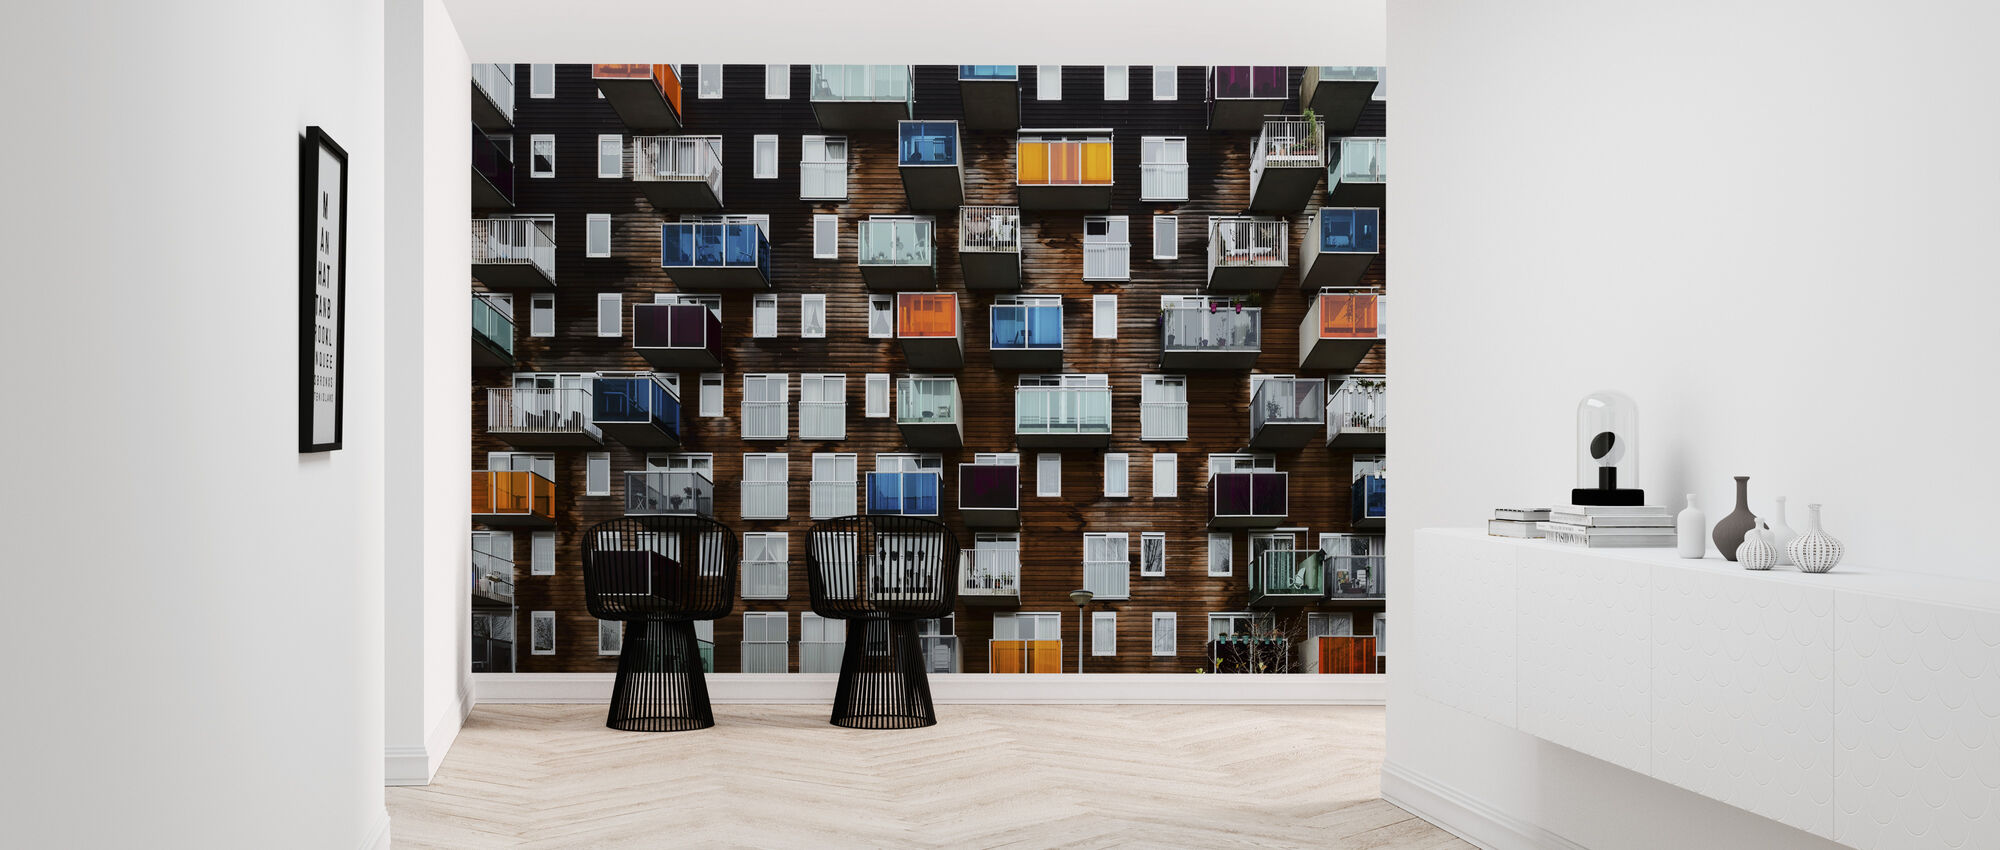 Balconia - Wallpaper - Hallway
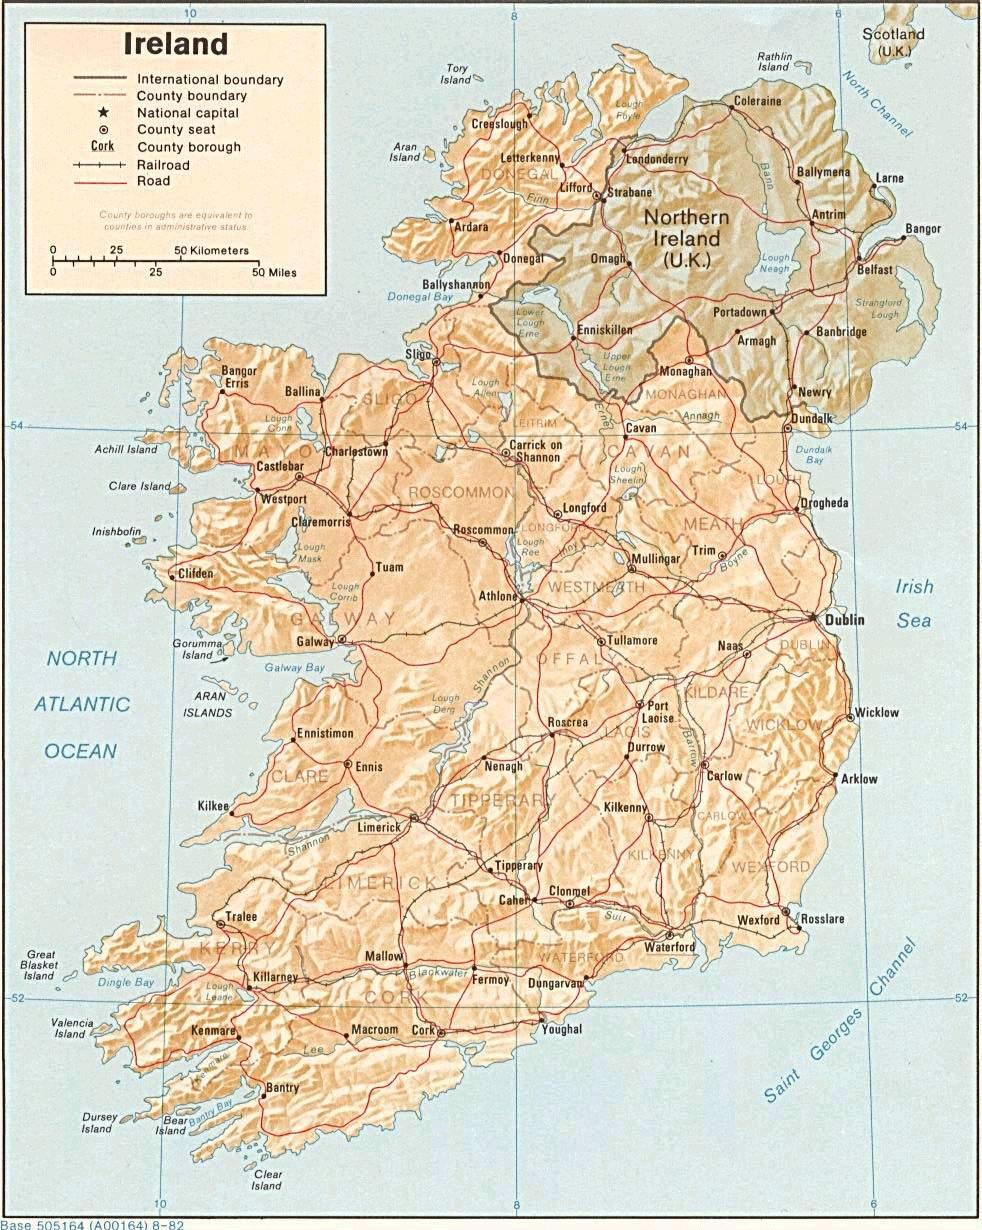 Mapa Grande da Irlanda 1
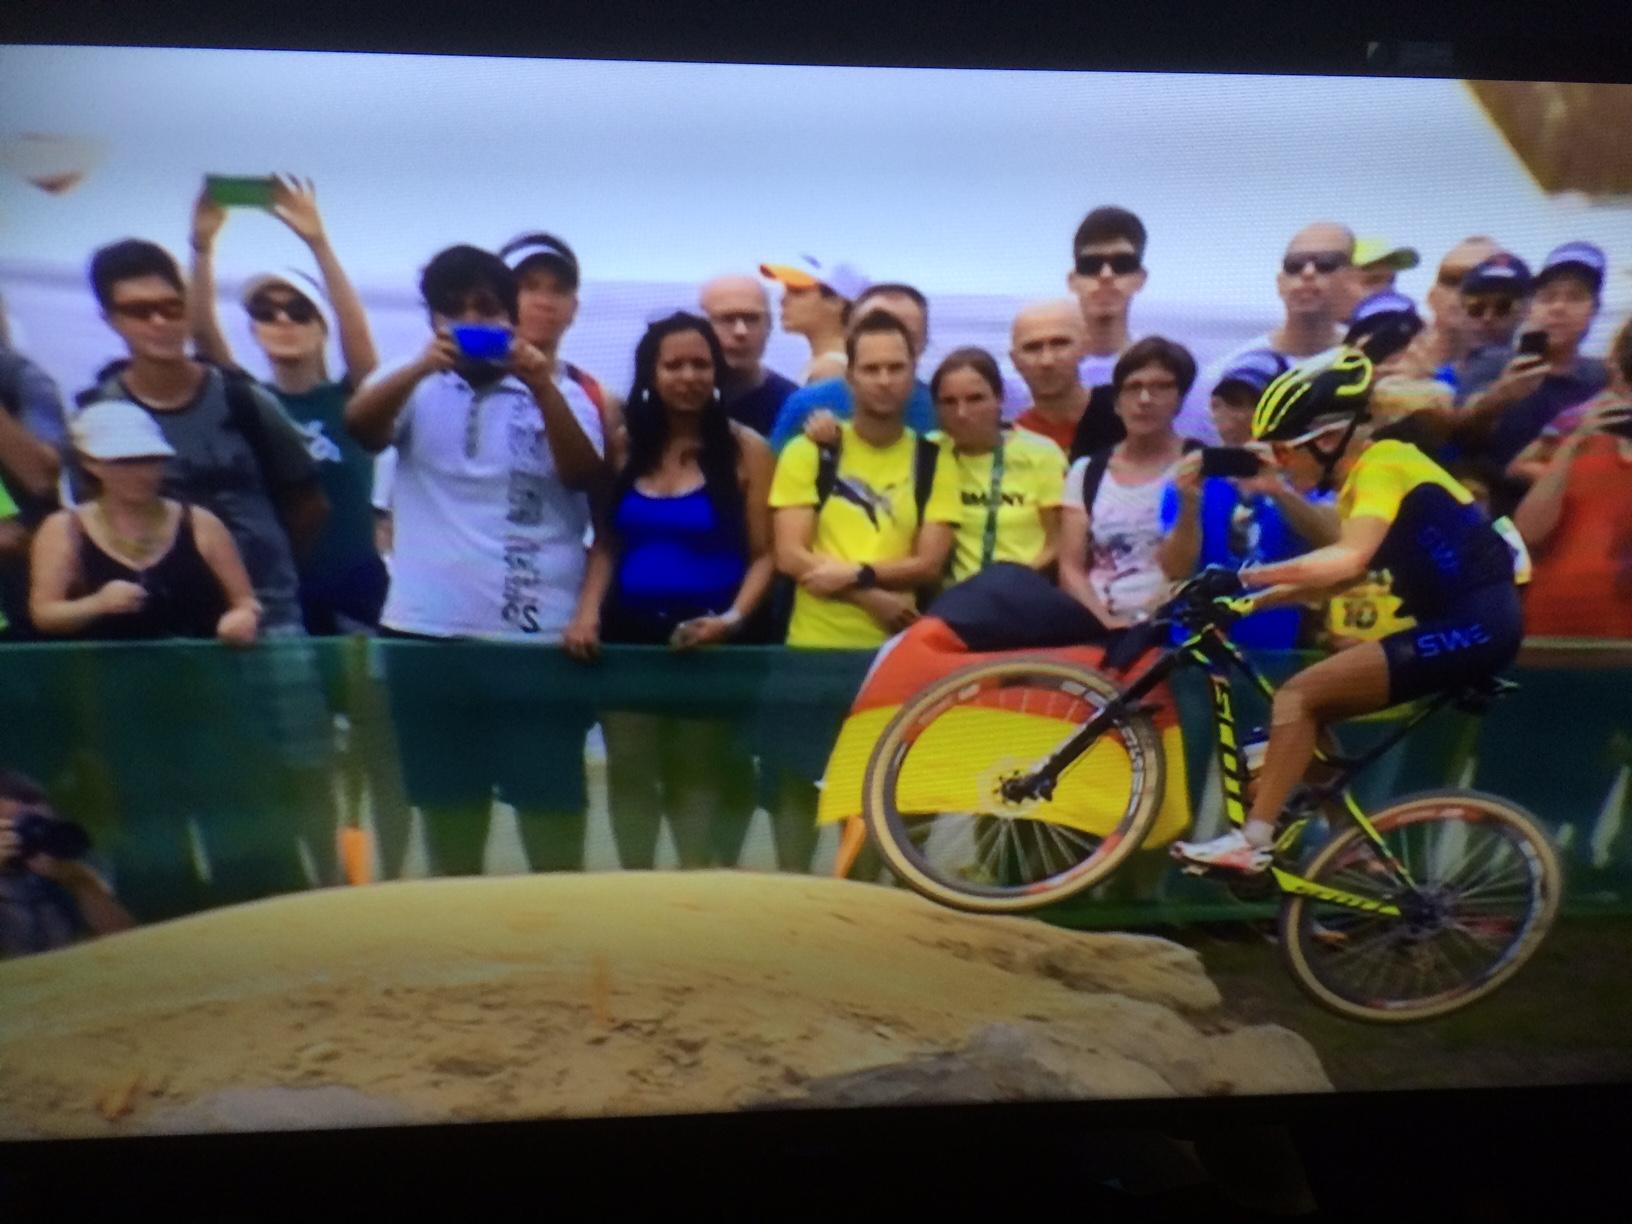 Offroadbiking – Jenny Rissveds olympisch kampioene, Githa ...

• WORK INSTRUCTIONS
Leaving the pictures out, give back each line above exactly.

• RESPONSE BOX
 Balconia - Wallpaper - Hallway
 Mapa Grande da Irlanda 1
 Offroadbiking – Jenny Rissveds olympisch kampioene, Githa ...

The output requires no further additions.